Amid the bitter cold earlier this week, fewer than 2,000 voters turned out for a special election to fill a state Senate seat. But it was enough for Boston City Councilor Lydia Edwards to win.

Edwards will now move on to Beacon Hill, representing a district that includes several Boston neighborhoods.

She is the first woman and first person of color to represent the district. When she takes office, Edwards will be the only Black woman in the state Senate, and one of three people of color. She says a more diverse Senate offers an opportunity.

"What I hope it does is it just assures that there's conversations about race, and I also think that it allows for us as a state, as a body in the Senate to speak with more certainty and authority when it comes to racial justice because we have more people of color in the body," Edwards said. "It's really hard to talk about us being in a racial awakening in the state and not having African-Americans in the room or Zoom, you know, to bring a perspective."
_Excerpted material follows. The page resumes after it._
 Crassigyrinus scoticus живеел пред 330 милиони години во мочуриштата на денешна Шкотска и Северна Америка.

Edwards joined WBUR's Morning Edition host Rupa Shenoy to discuss further.

Highlights from this interview have been lightly edited for clarity.

Interview Highlights

On the symbolism of representing a district with a deep history of our country's founding

I would represent Faneuil Hall. I would be representing the area where Crispus Attucks was murdered. I'd be representing East Boston, where the first slave ships came in the North End — which was, traditionally, a place for Black people to live in ... the 1800s. Yeah, I do think about that.
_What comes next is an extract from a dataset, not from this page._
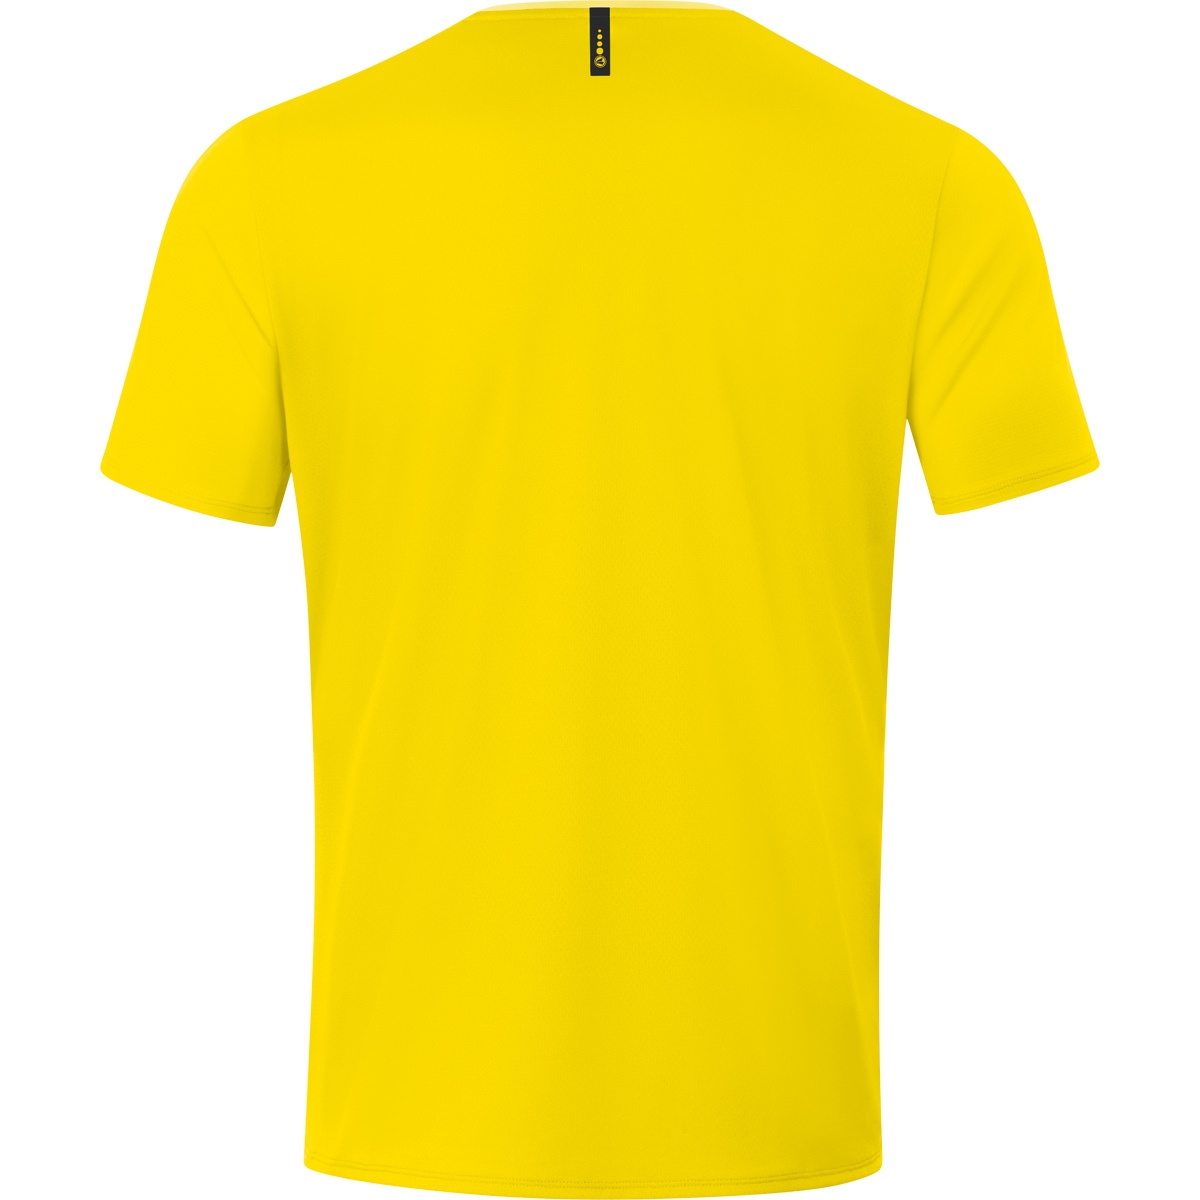 JAKO T-Shirt Champ 2.0 S, 6120 Gr. light, Herren, citro/citro

You know, it's coming in waves sometimes ... what we got done. There's a picture I posted recently, of me and the senators — my predecessors now. And it just really was stark, in contrast, how much of a glass ceiling we busted through.

On her frustrations with the way the Legislature operates

I was speaking ... from a municipal perspective. Some of the tools in the toolbox that cities need, that they have to go to the state to ask for them consistently and constantly is frustrating.

I can speak to my election right now. The state allowed for us to have mail-in ballots and early ballots, but only until December 15. My general election didn't have either of those, and it was one of the coldest days. And so people had to physically go and vote for me for the most part, unless they knew to get an absentee ballot. A lot of people thought their ballots were coming in the mail again.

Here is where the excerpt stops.